Espacios culturales: donde el arte y la historia se encuentran
Espacio Cultural La Curia Real, por ANADEL El Espacio Cultural La Curia Real es un fascinante palacio del siglo XIII que se alza majestuosamente sobre el torrente del río en Besalú. Originalmente, durante el siglo XIV, perteneció a la prominente familia judía de los Astruc, y más tarde fue el hogar del gobernador designado por el rey, de ahí su singular nombre. Este edificio histórico ha sido cuidadosamente preservado, permitiendo que los visitantes aprecien sus características arquitectónicas, entre las que destacan la sala gótica y la espectacular escalera del patio.
Según comenta una viajera, La Curia Real «se utiliza con fines culturales y expositivos», lo que lo convierte en un punto neurálgico para diversas actividades artísticas y culturales en la región. Este espacio no solo es un lugar para explorar la historia medieval de Besalú, sino también un escenario dinámico donde se pueden descubrir eventos que reflejan la rica herencia cultural de la ciudad . Para aquellos que deseen sumergirse en el pasado mientras disfrutan de un ambiente vibrante, La Curia Real resulta ser un destino imprescindible a visitar sin prisa.
Lo tres arcos, por Dónde vamos Eva Lo tres arcos es uno de esos rincones encantadores de Besalú que atrapan a los viajeros con su atmósfera única. Se trata de un callejón estrecho donde se encuentra un coqueto hotel que lleva el mismo nombre. La presencia de tres arcos de diferentes estilos otorga un carácter especial y distintivo al lugar, como bien señala una viajera al afirmar que «este rincón de Besalú ya está en nuestro saco de favoritos». Los detalles de ornamentación en las paredes y la casa al fondo contribuyen a crear una sensación de estar parado en el tiempo.
La magia de Lo tres arcos no radica solo en su belleza arquitectónica , sino también en la tranquilidad que transmite. Este es un lugar donde uno puede disfrutar del encanto medieval en un ambiente apacible. Como dice otra viajera, “sencillamente, tiene magia”. Si visitas Besalú, no puedes dejar de explorar Lo tres arcos, un espacio que seguramente se convertirá en uno de los favoritos de quienes buscan conectar con la historia y la cultura del lugar.
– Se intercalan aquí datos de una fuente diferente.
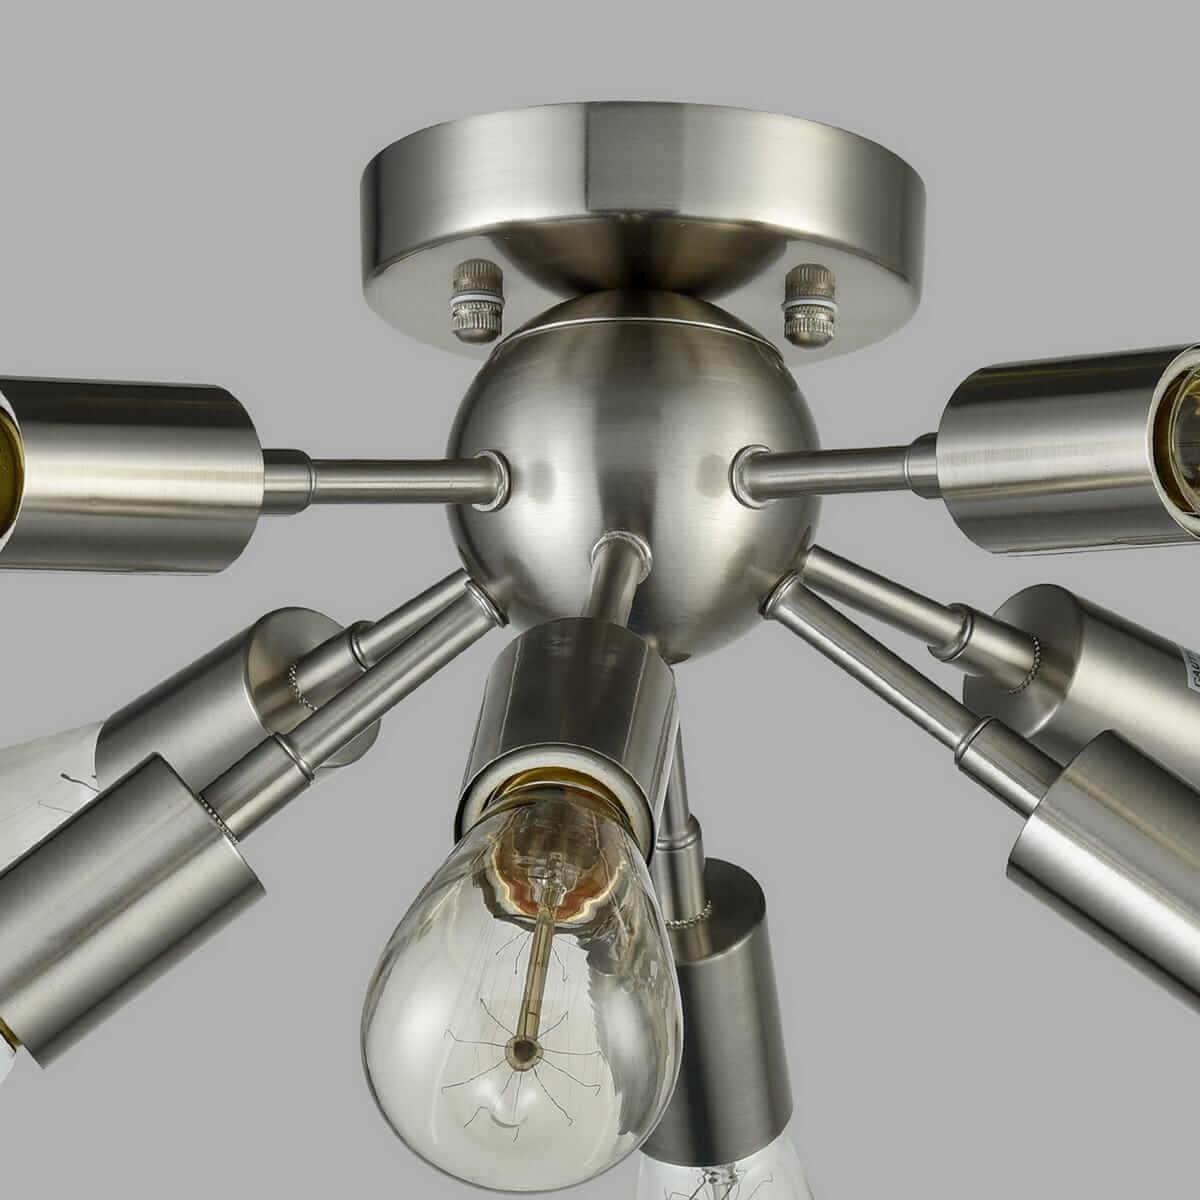 Modern Sputnik Ceiling Light 8-light Brushed Nickel Fixture

Besalú es una joya que rebosa historia y encanto en cada rincón. Desde sus monumentos históricos hasta sus plazas vibrantes, la ciudad invita a explorar sin prisa, sumergiéndose en su pasado medieval. Las experiencias únicas, como la feria medieval y los tranquilos paseos junto al río Fluvià , hacen que cada visita sea inolvidable. Descubrir Besalú es crear recuerdos que perdurarán en el tiempo.